You’ve heard of KonMariby now, right?  If not, it’s what is sweeping the nation with the Life Changing Magic of Tidying Up. Marie Kondo, the author of this book, even has her own Netflix specials!  The (super simplified) premise is basically to hold each item you own in your hand and if it brings you joy, keep it. If not, thank it and toss it out! From her website, “People around the world have been drawn to this philosophy not only due to its effectiveness, but also because it places great importance on being mindful, introspective and forward-looking.”While I am a HUGE fan of minimalism and simplicity, the idea of KonMari sounds exhausting.  Who has time to go through EVERY item in your home and do this (besides our beloved Mary)? So I decided we need a shortened version of KonMari to clean up our lives:

  • Come to yoga.

  • If you feel better, keep coming!

  • If not, thank yoga for its time and let it go. 🙂

Simple, right?  There may be a little more to it than that.  Let me explain…

There are times in life where our yoga actually works against us and we believe it isn’t bringing us joy.  Sometimes when we practice yoga regularly, we start noticing some unhealthy habits we have carried along the way: self-judgment, needing to push harder, be better, faster, perfectionism, competition, self-loathing.  You name it and it can come up in Yoga. Think of these moments as the part of KonMari where you have to take everything out of the drawers, the closets, the cabinets. You have to organize it and see it all before you can let go of what you don’t need or what doesn’t bring you joy.  It’s not the yoga that doesn’t bring you joy anymore, it’s that you can no longer continue the path your own and be so self-critical. You can no longer unsee those unshiny parts of you. Those unshiny parts are the parts that don’t bring you joy any more. Let those go and the yoga will bring you joy again!

There are a few other times your Yoga might not bring you joy. At first most of us need the more challenging physical practices to get us out of our head. After a while we find the fast, hard physical practices actually keep us stuck.  We think we can’t do yoga if we can’t move the body. Something happens and we get injured or the body slows down and the mind says, “Holy hell if I can’t move faster, push harder… then I am awful at this.” Or once we find the body knows what to do, the mind says we don’t like yoga any more.  The mind says, “I’m bored. I’ve got this… What’s next?”

My teacher, Sarah Powers, used to ask us, what will you do if your body gives out on you? How will you practice yoga then? My other teacher, Max Strom, would say if your yoga isn’t turning you into a more kind and gentle human being, then find a new teacher. Through learning from both of these amazing humans, I found the magic was in tidying up the mind and heart.

At first we have to address the body. When the body is irritated or cranky, we can’t even begin to deal with the mind.  We can do this through breathwork and a series of poses to open and strengthen the body. We have to find a balance of the two. That is what our Mindful Flow and Mindful Movement classes are all about- letting go of the aches and pains of the body!

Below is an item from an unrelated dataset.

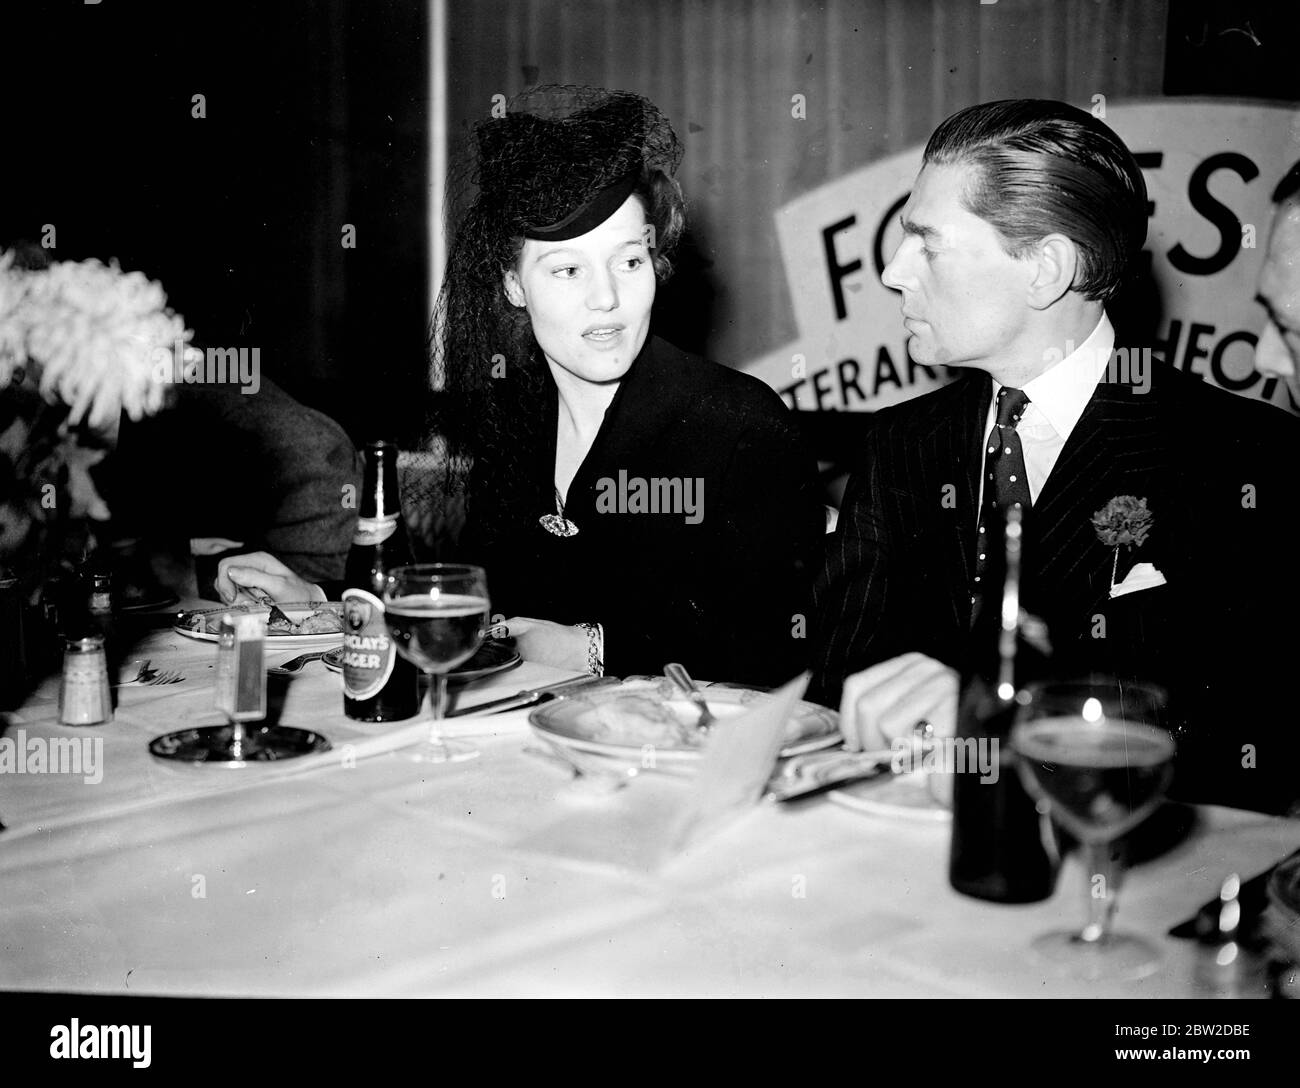 Miss Constance Cummings, die Schauspielerin, fotografierte beim 95. Foyles Literary Lunch im Grosvenor House, Park Lane, London. Viele andere Prominente des Staates, darunter Mistinguett, waren anwesend. 13. Oktober 1938 Stockfoto

Once the body is no longer fussy, then we can begin to attend to the mind and heart. Yin is a perfect way to attend to the mind and body at the same time. You move the body into a simple shape, stay there a while and then we train the mind using basic meditation techniques. This provides deep cleaning for the mind. Some of you know after 30 seconds in quiet, all kinds of crap will come up! This is the really messy part. It won’t bring you joy at first.  This is when I encourage you not to give the yoga away. (However, a great tool in meditation is to let thoughts come in, thank them and let them go. How very KonMari of you.) Stick with it and settle in, then something begins to change. Thoughts come more slowly. You catch yourself drifting away after 2 minutes instead of 10. You no longer get angry at your teacher for making you stay in a pose left to your own devices.  You find moments of connection, stillness and quiet. Might I say, moments of peace.

After the mind is calm and quiet, we add in our lovingkindness practices and send kindness into the world.  We can send it intentionally through meditation practices. Or we can become softer, more kind human beings ourselves and our mere presence softens those around us. Think of this as softening your rough edges or purging those pieces of you that are prickly and keep people at a distance.  Maybe this gives you more moments of connection, more moments of joy. Then…if it brings you joy, keep it. The rest you can thank and give away.


If you are at a plateau or are feeling stuck in your yoga, we invite you to shake it up. Don’t just give the Yoga away. If you are “really good” at one type of practice, try something new.  If you only like hard, fast yoga; try attending a slow class once a week. If you always take the Level 1 & 2 class, why not try an All Levels or something more challenging every once and a while?  The practice of showing up, of trying something new, of seeing our mental obstacles and opening our hearts is not an easy one. It isn’t tidy at all. But in the end it will most certainly bring you joy.